The list does not offer element random access, even though it could with a more elaborate implementation. However, C++ aims at providing fast and lean tools, and such a bloated list would decrease performance. The list of type std::list offers the minimal functionality required, but with superior (time and memory) performance.

`std::deque<T>`

The deque (pronounced as “deck”, as in deck of cards) offers:

random access,
fast insertion and removal.

How come? Well, insertion and removal are not as fast as in std::list, and random access is not as fast as in std::vector. The deque offers a trade-off between functionality, and efficiency. Use the deque if you frequently need to random-access, insert and remove elements.

The deque is implemented with small vectors organized one after another, but without guaranteeing memory contiguity. If element reallocation, insertion or removal is required, then it’s limited to one small vector. However, random access is less efficient in comparison with vector, because finding an address of an element requires more arithmetic.

Use the deque only when the vector and the list won’t do.

`std::forward_list<T>`

Sometimes std::list is more than we need from a list. Sometimes we need to forward-iterate only, and can do without the capability to backward-iterate that is offered by std::list, the capability that we pay for with performance.

Type std::forward_list is even leaner and more performant than std::list, because it is a singly linked list: we can iterate forward, but not backward.

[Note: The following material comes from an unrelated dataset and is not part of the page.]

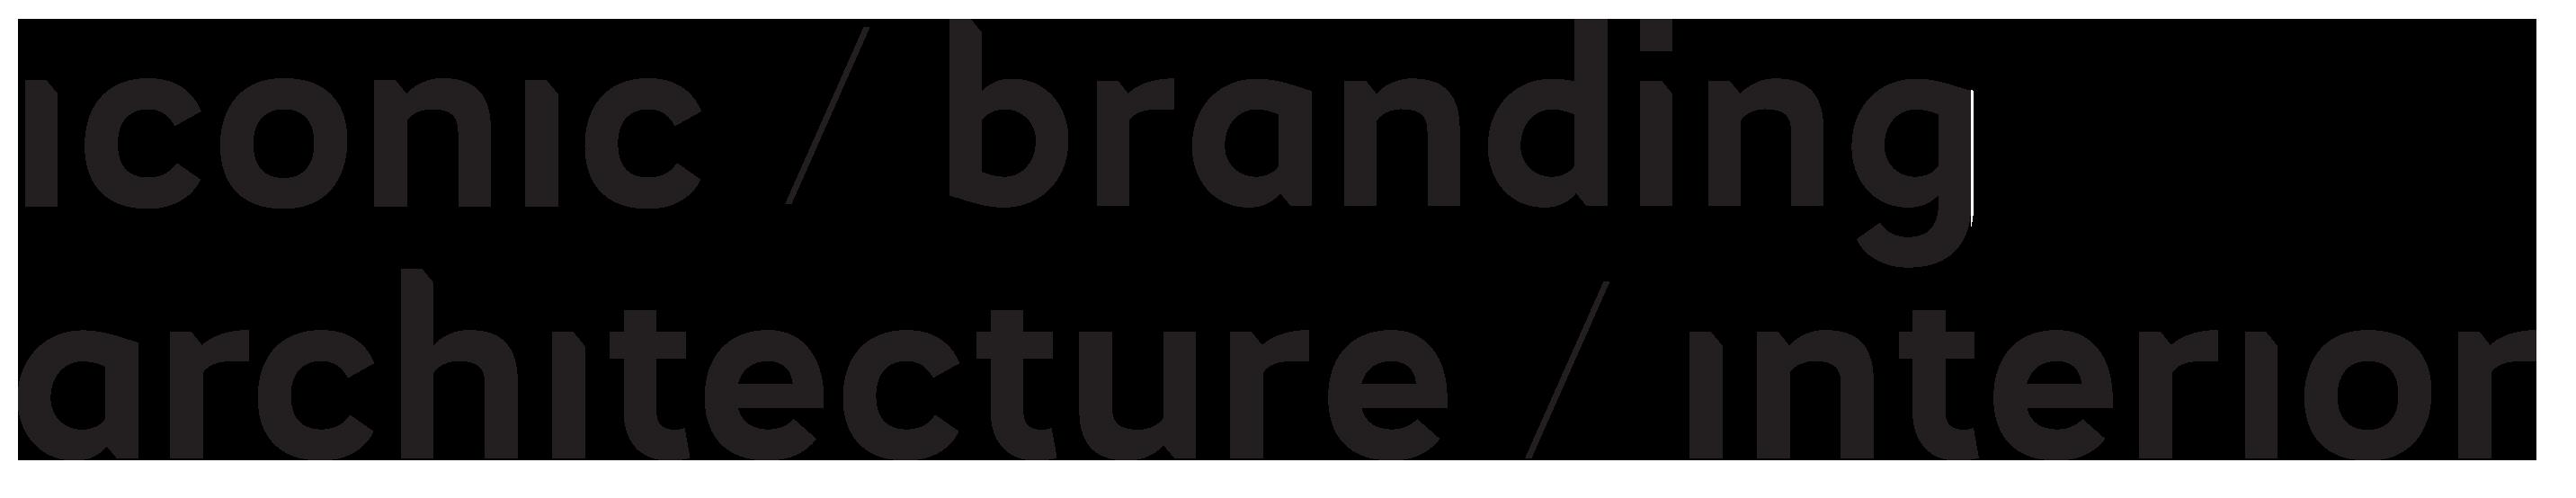 IconicDesign Logo

`std::set`, and `std::multiset`

The set stores unique elements, and the multiset allows for multiple elements of an equal value. Both container types store the elements sorted. By default the order is ascending, but we can establish any order with a callable.

Interestingly, we cannot modify the elements, because that would destroy the order of elements, and make the container inconsistent. For this reason, the type of the elements stored is made const, even if the template argument was non-const.

If we want to modify an element, then we have to remove the element first, and insert a new element with a different value next.

#include <iostream>
#include <set>

using namespace std;

int
main()
{
  // A compiler can deduce the type of the elements stored in the set.
  // Equivalent to: set<int> s = {3, 1, 2};
  set s = {3, 1, 2};

  for(auto &e: s)
    cout << e << endl;

  // This would not compile, because we cannot modify the elements.
  // for(auto &e: s)
  //   cout << ++e << endl;

  multiset ms = {1, 2, 3, 1, 2, 3};

  for(auto &e: ms)
    cout << e << endl;
}

Iterators

Iterators are the glue between the containers, and the algorithms. Function std::sort can be used with various containers through iterators. Iterators provide access to the container elements, so that we do not care about the type of a container (the container type was abstracted away).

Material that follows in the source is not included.